* _Work to complete_
The entries that follow include a run beginning at the line with "A self-inking stamp" and ending at the line with "Flyer for Fall"; restate that run word for word and leave the rest out.

* _Information shown_
=== Section Start ===

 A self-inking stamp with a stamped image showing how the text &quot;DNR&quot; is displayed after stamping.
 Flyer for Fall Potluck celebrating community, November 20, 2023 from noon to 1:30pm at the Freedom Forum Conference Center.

=== Section End ===
=== Section Start ===

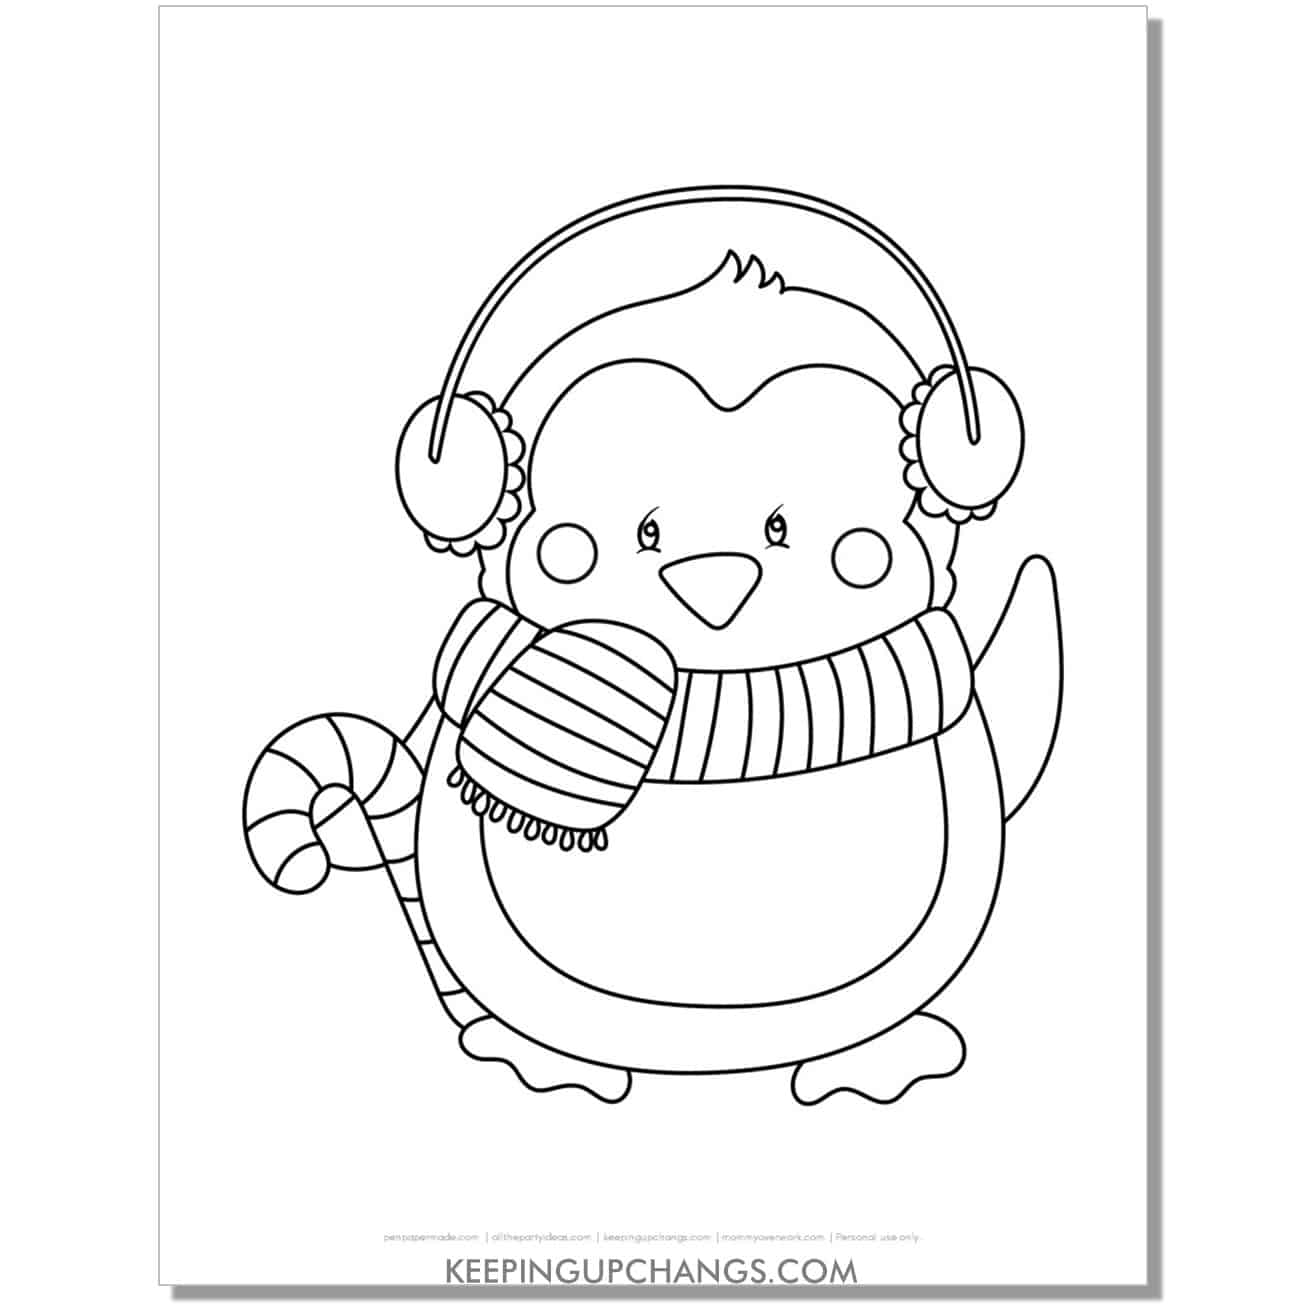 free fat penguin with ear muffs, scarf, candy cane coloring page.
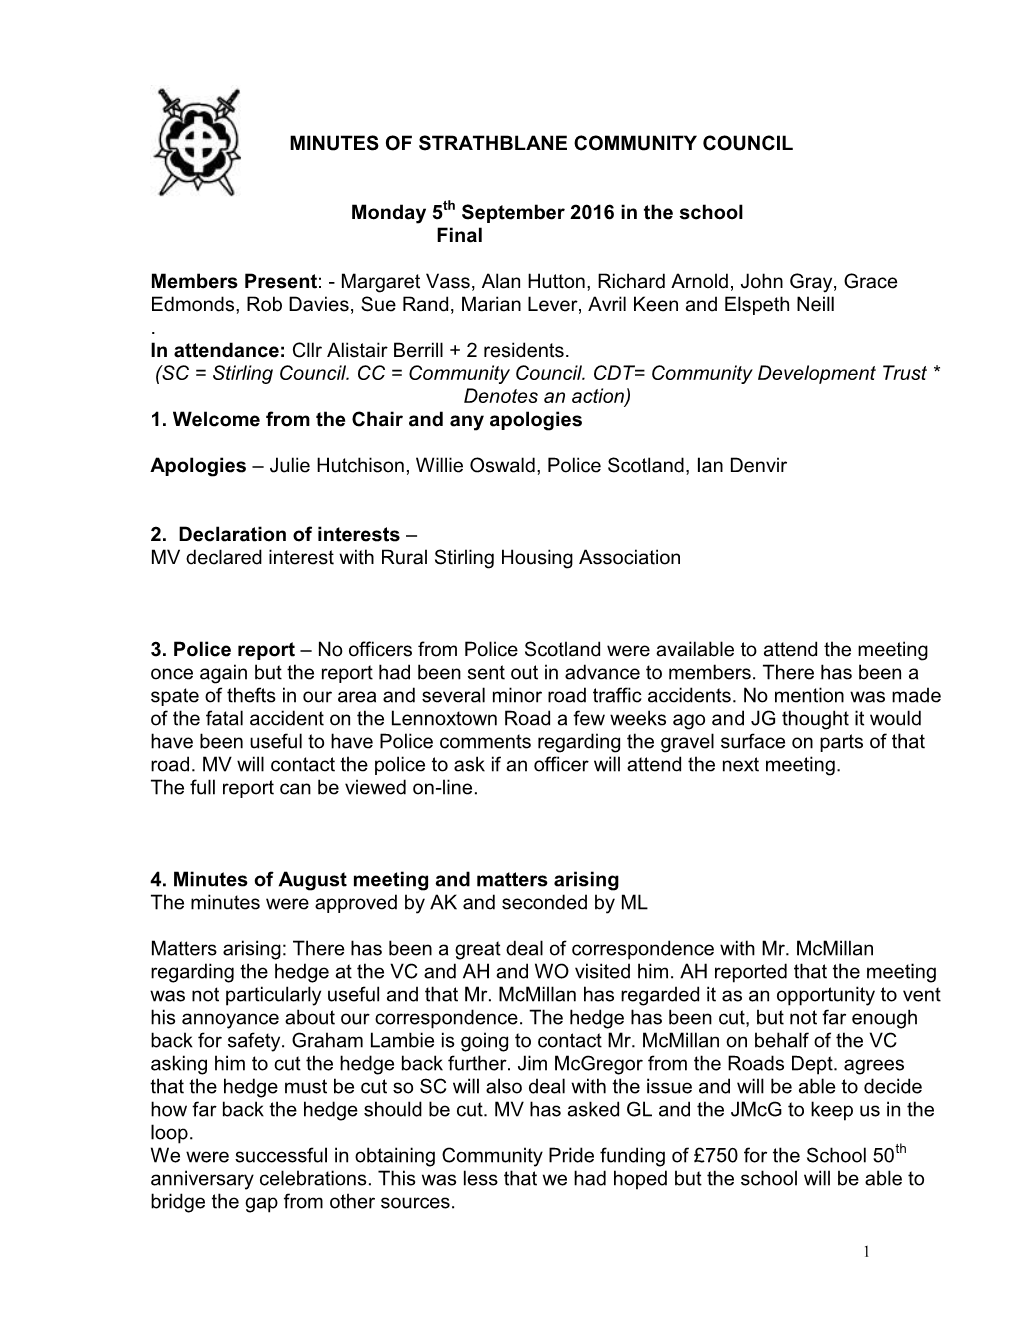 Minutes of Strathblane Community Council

=== Section End ===
=== Section Start ===

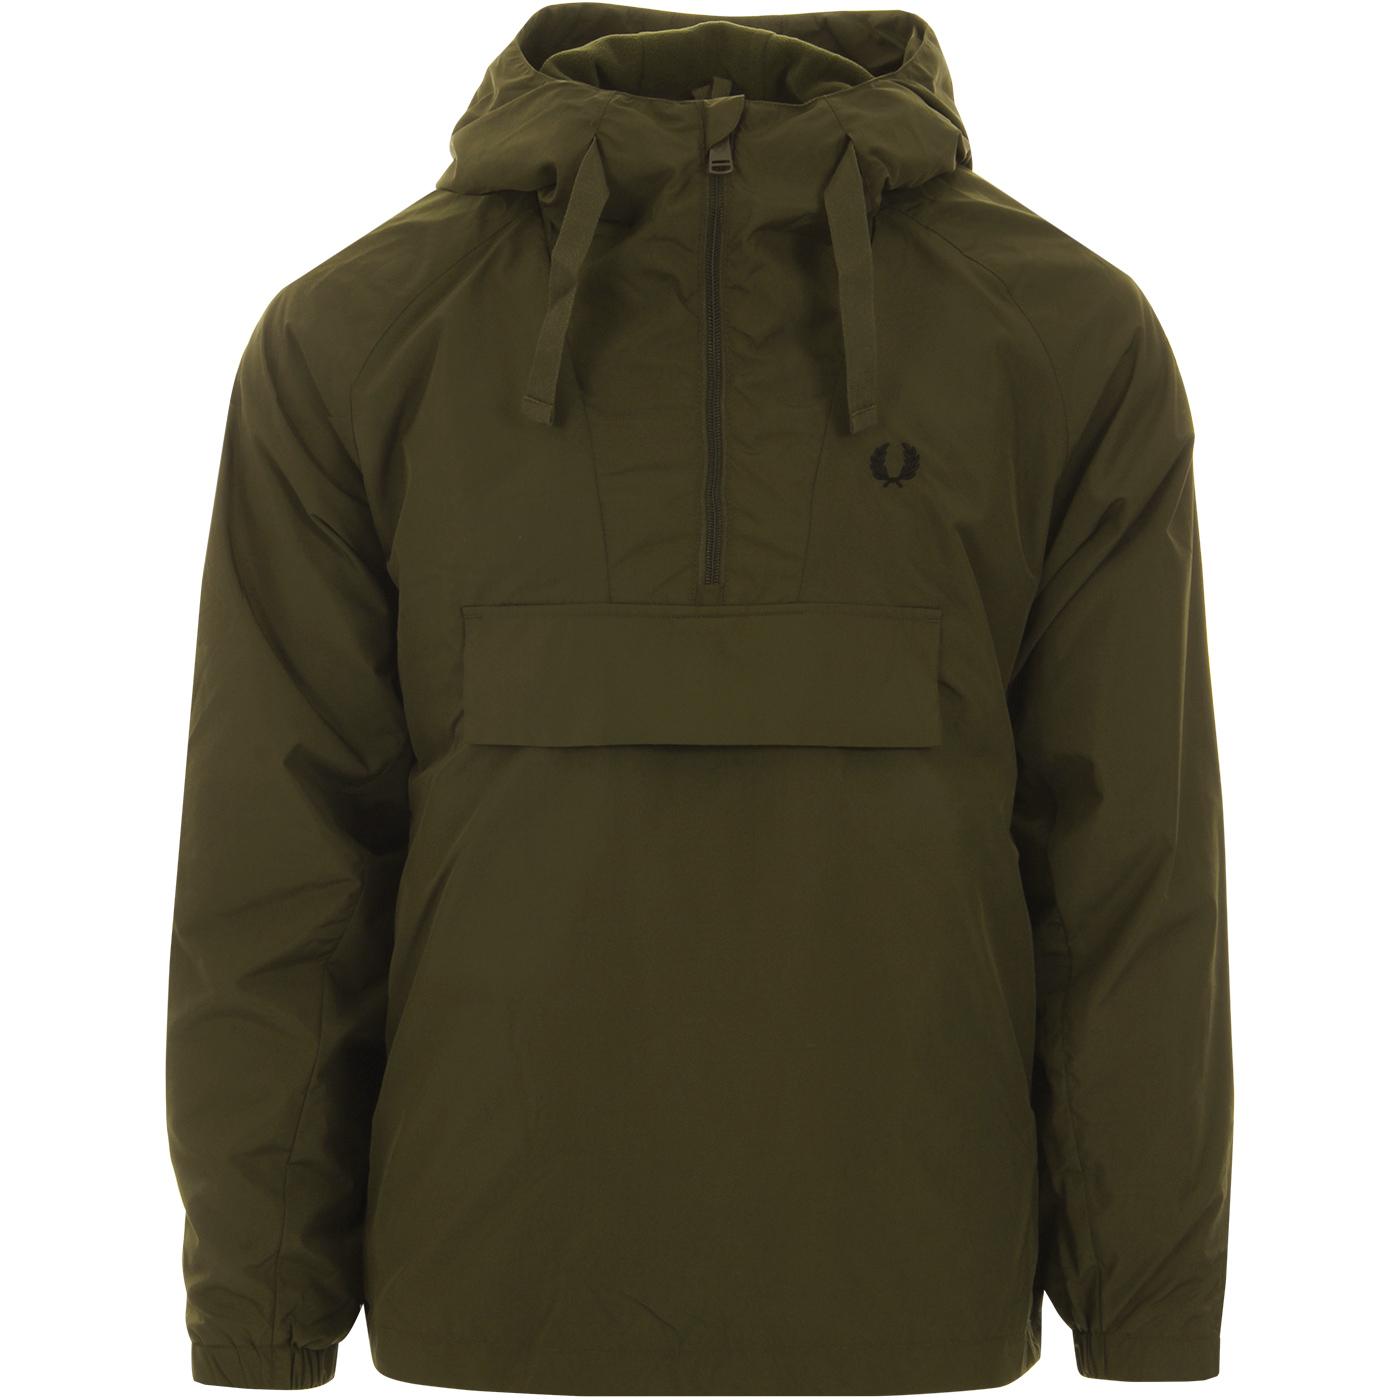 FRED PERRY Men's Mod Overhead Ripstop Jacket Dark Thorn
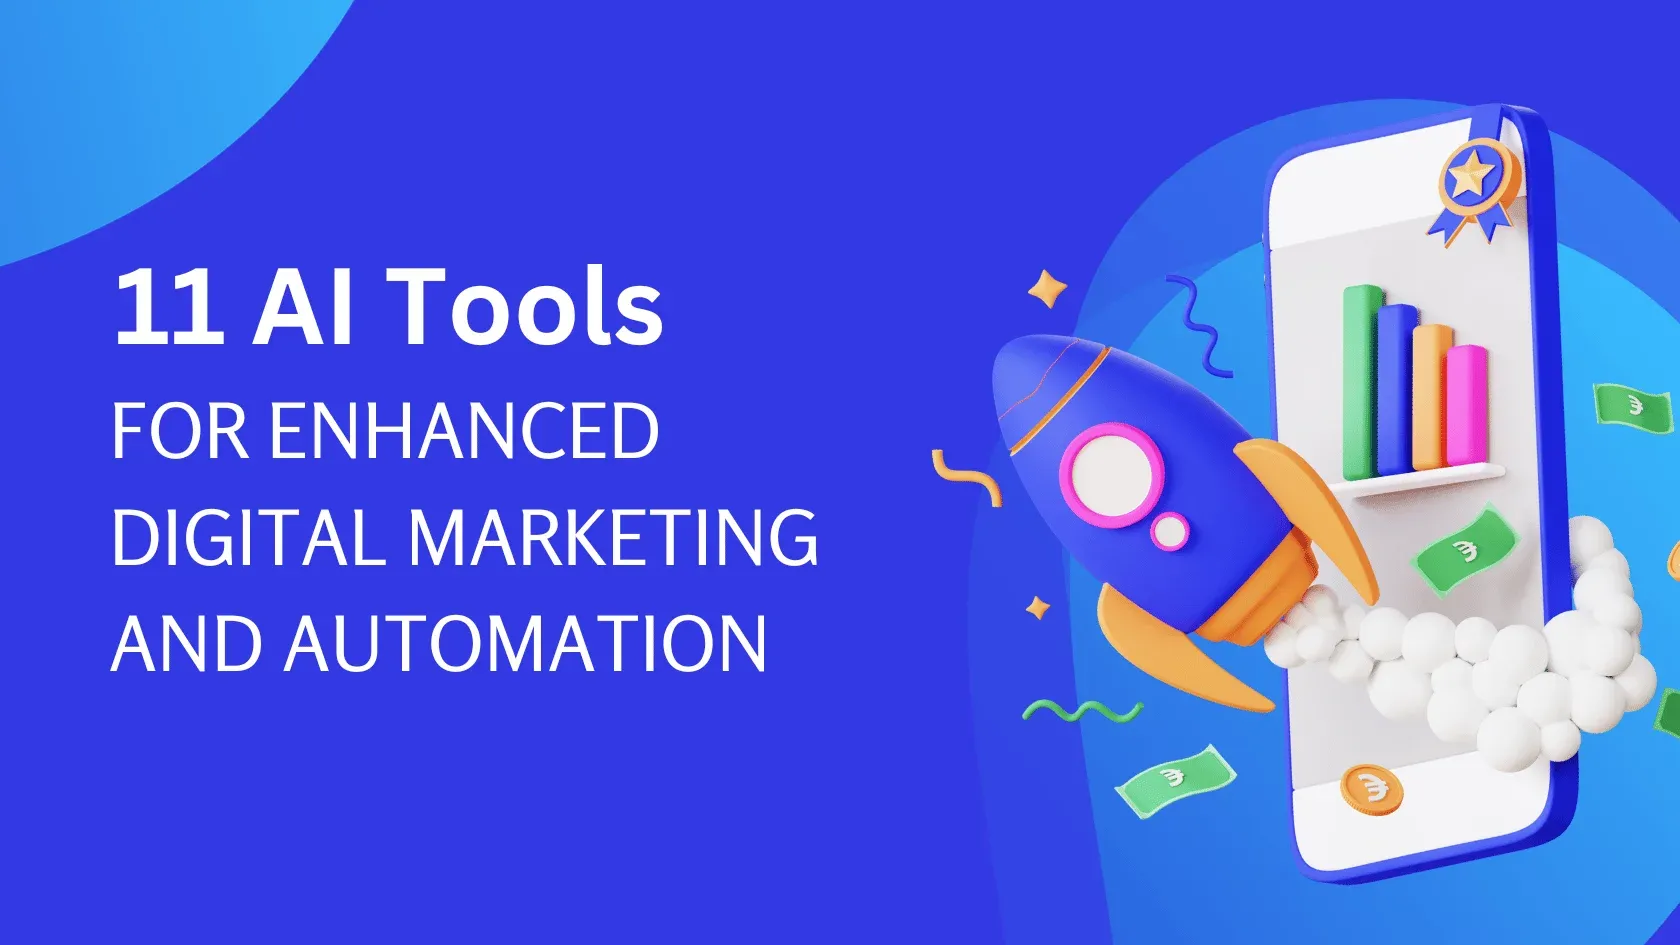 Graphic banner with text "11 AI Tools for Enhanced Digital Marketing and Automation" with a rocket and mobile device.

=== Section End ===

* _Expected answer_
 A self-inking stamp with a stamped image showing how the text &quot;DNR&quot; is displayed after stamping.
 Flyer for Fall Potluck celebrating community, November 20, 2023 from noon to 1:30pm at the Freedom Forum Conference Center.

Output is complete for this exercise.